Qatar Using Proxy Flights to Access U.S., Say Senators and Major Airlines

Three U.S. airlines and 11 Republican senators say Qatar is using an Italian carrier to establish a “fifth freedom” flight to the U.S.

Delta, United Airlines, American Airlines, and their allies in Washington D.C. are accusing Qatar of using Air Italy as a proxy to get into the U.S. in violation of the terms of an Open Skies agreement between the U.S. and Qatar.

So-called “fifth freedoms” flights are named after the “freedoms of the air” principles. The fifth freedom sets out that an airline may fly from its home country to a second country, pick up passengers there, and then continue to a third country.

As part of a settlement with the major U.S. carriers in January, the Qatari government pledged that Qatar Airways wouldn’t begin a fifth freedom flight to the U.S. Technically it hasn’t done so, but the country’s 49% stake in Air Italy, which just announced direct flights from Milan to Los Angeles and Milan to San Francisco, is raising ire.

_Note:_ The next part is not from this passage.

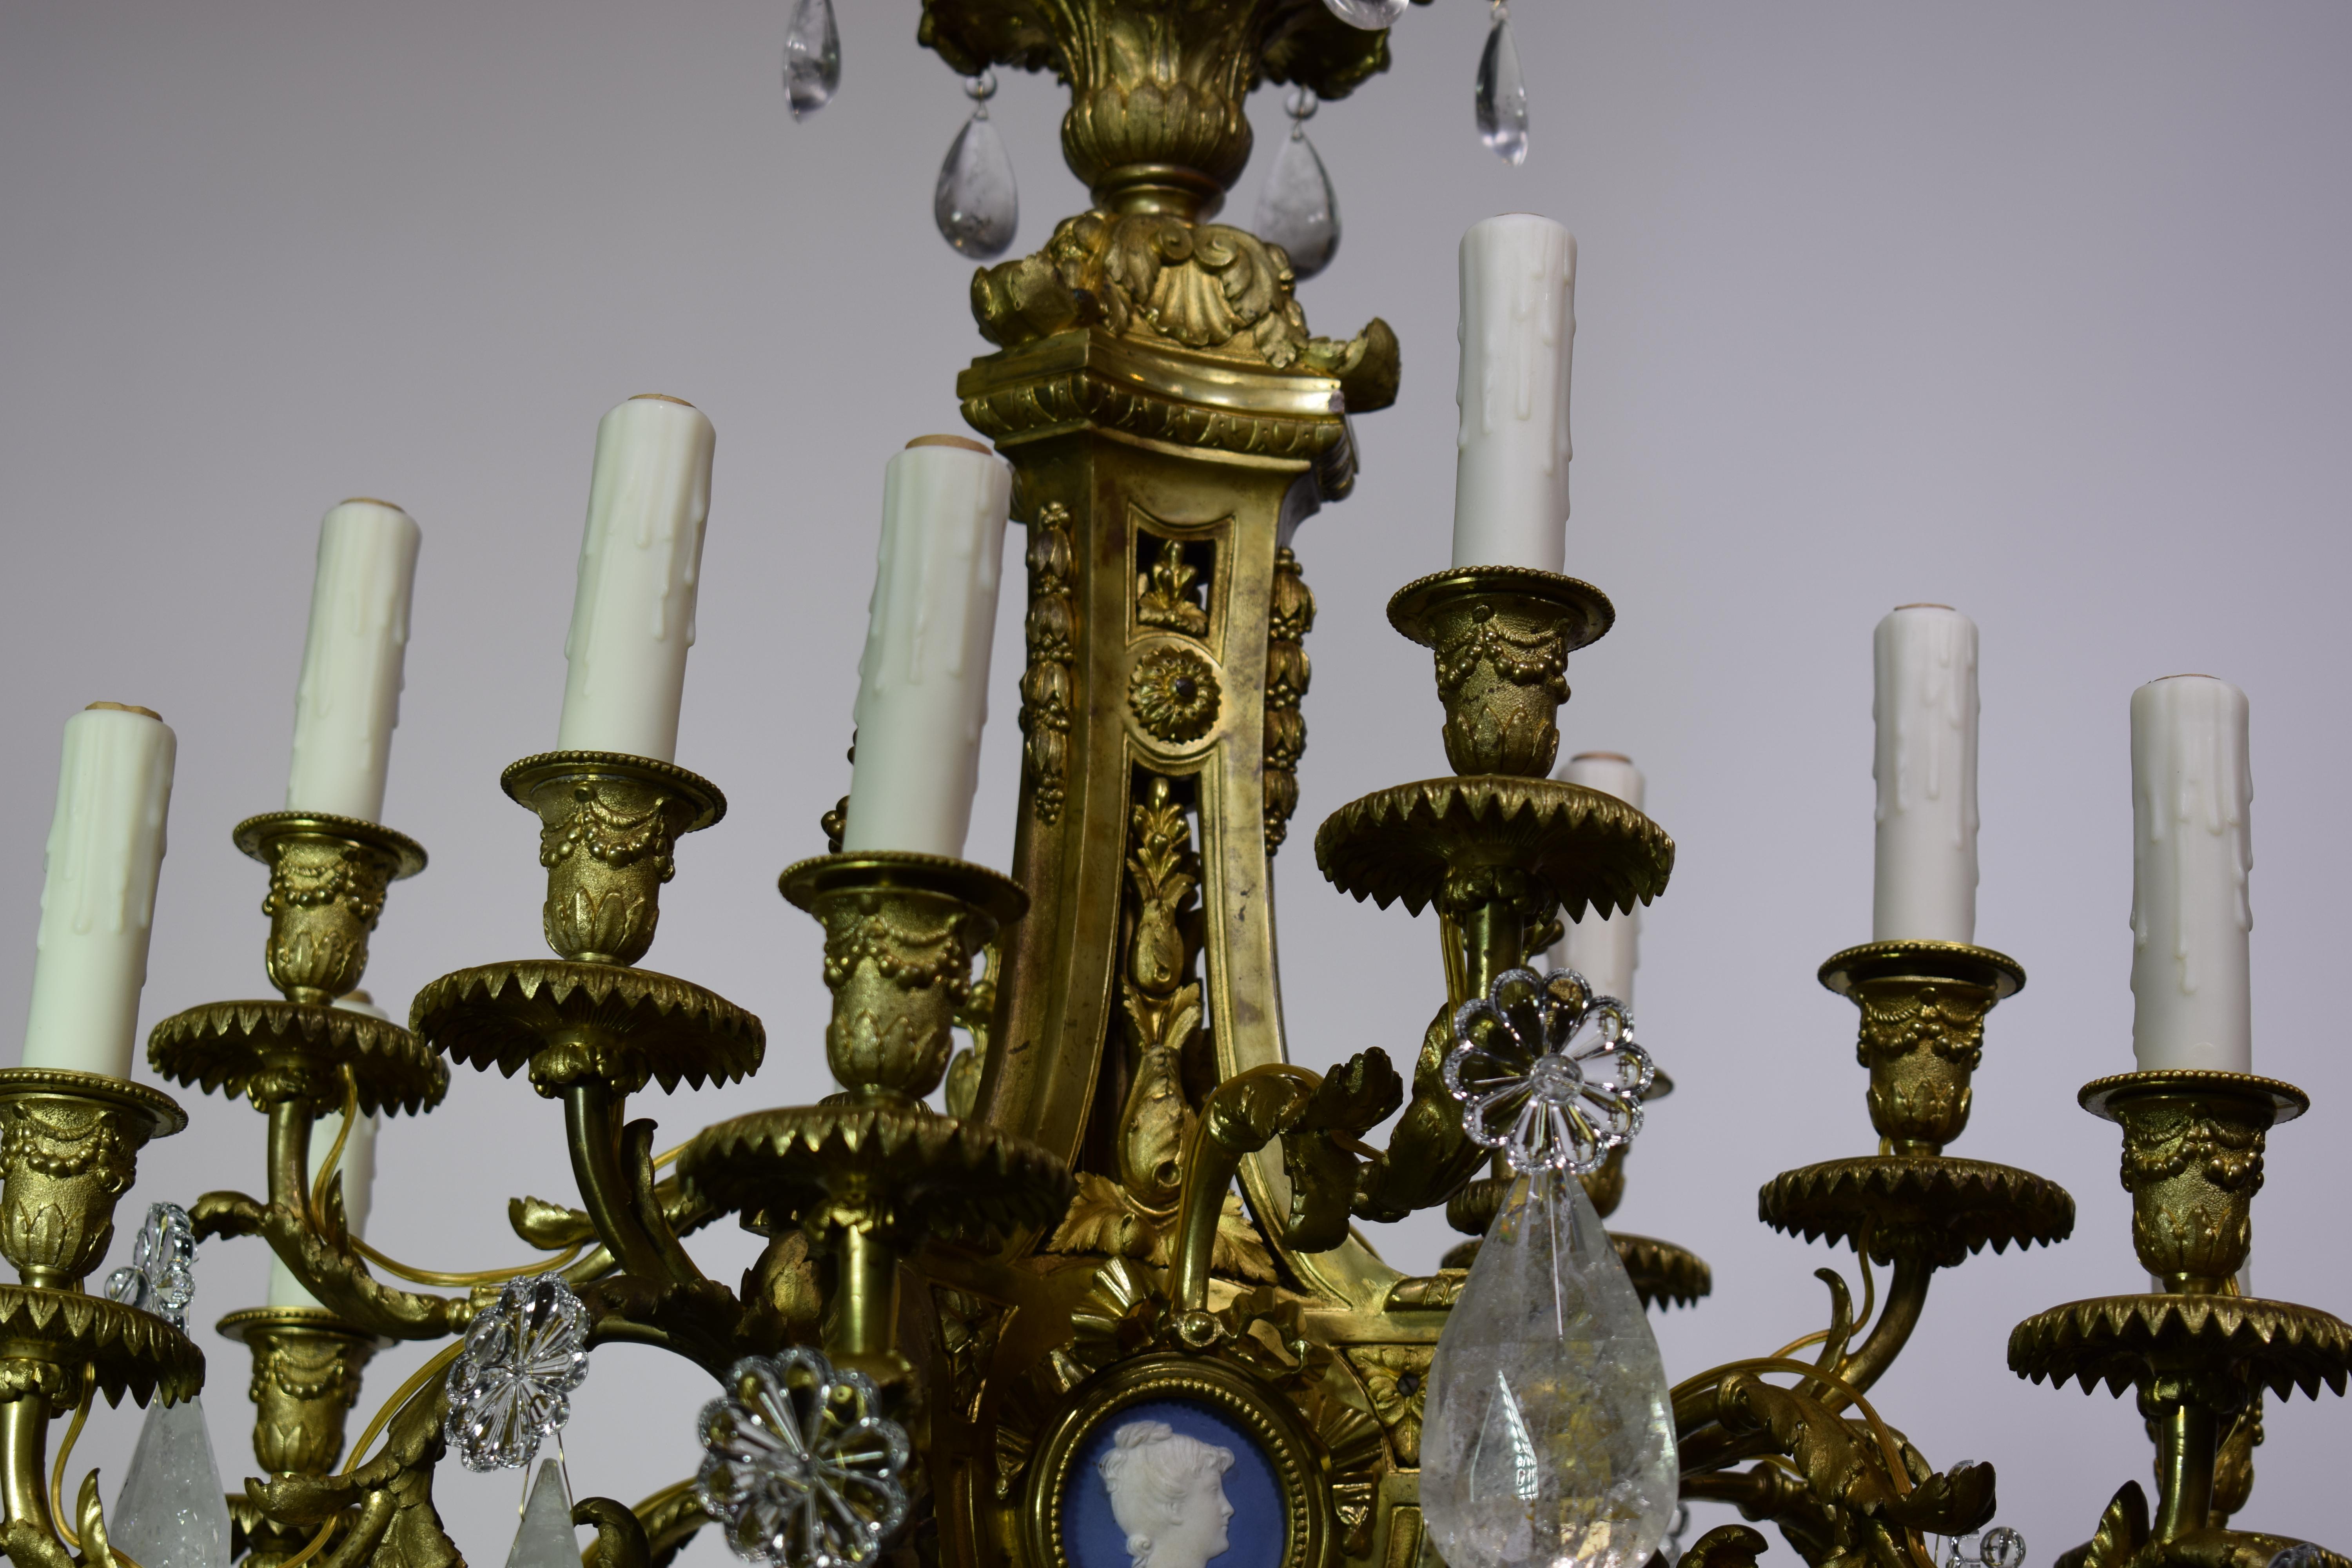 Ein prächtiger Kronleuchter aus vergoldeter Bronze, Kristall und Bergkristall im Louis-XVI-Stil mit runden Reserven, die mit runden blauen und weißen Biskuitkameen ausgestattet sind. Dieser Kronleuchter wurde ursprünglich für Kerzen verwendet, jetzt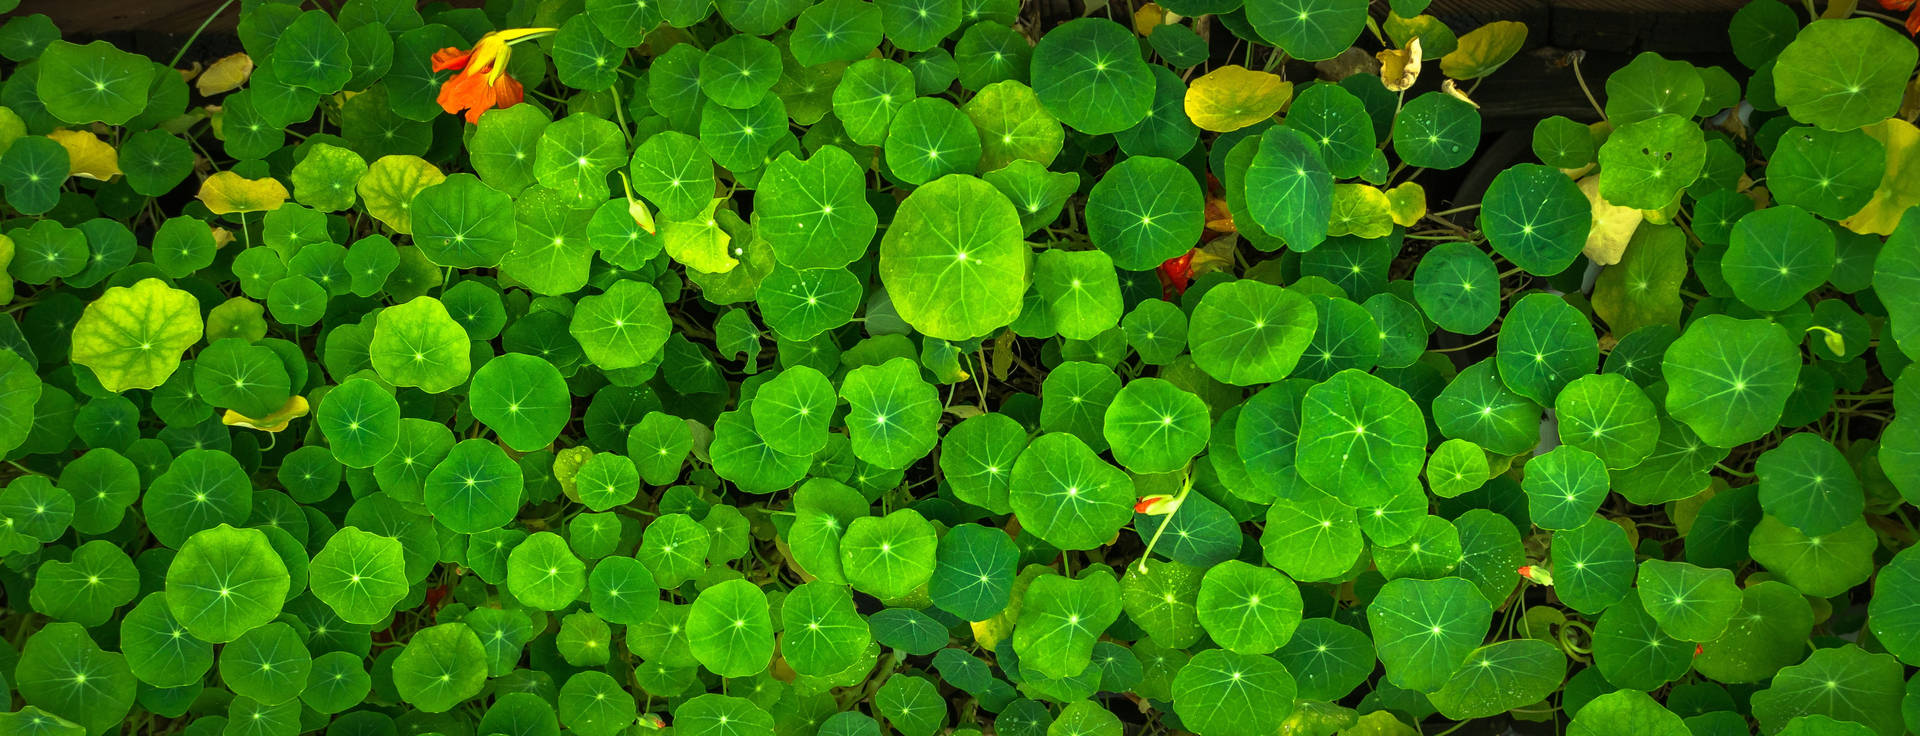 Pennywort Green Leaves

The dispute between the U.S. majors and Qatar Airways centers around Qatari subsidies, and creative accounting practices that hide them. A spokesman for the Partnership for Open & Fair Skies, a lobbying group for the U.S. airline industry, said, “by exploiting its investment in Air Italy to create a loophole and dodge this pledge, Qatar has violated this agreement and the trust of the United States.”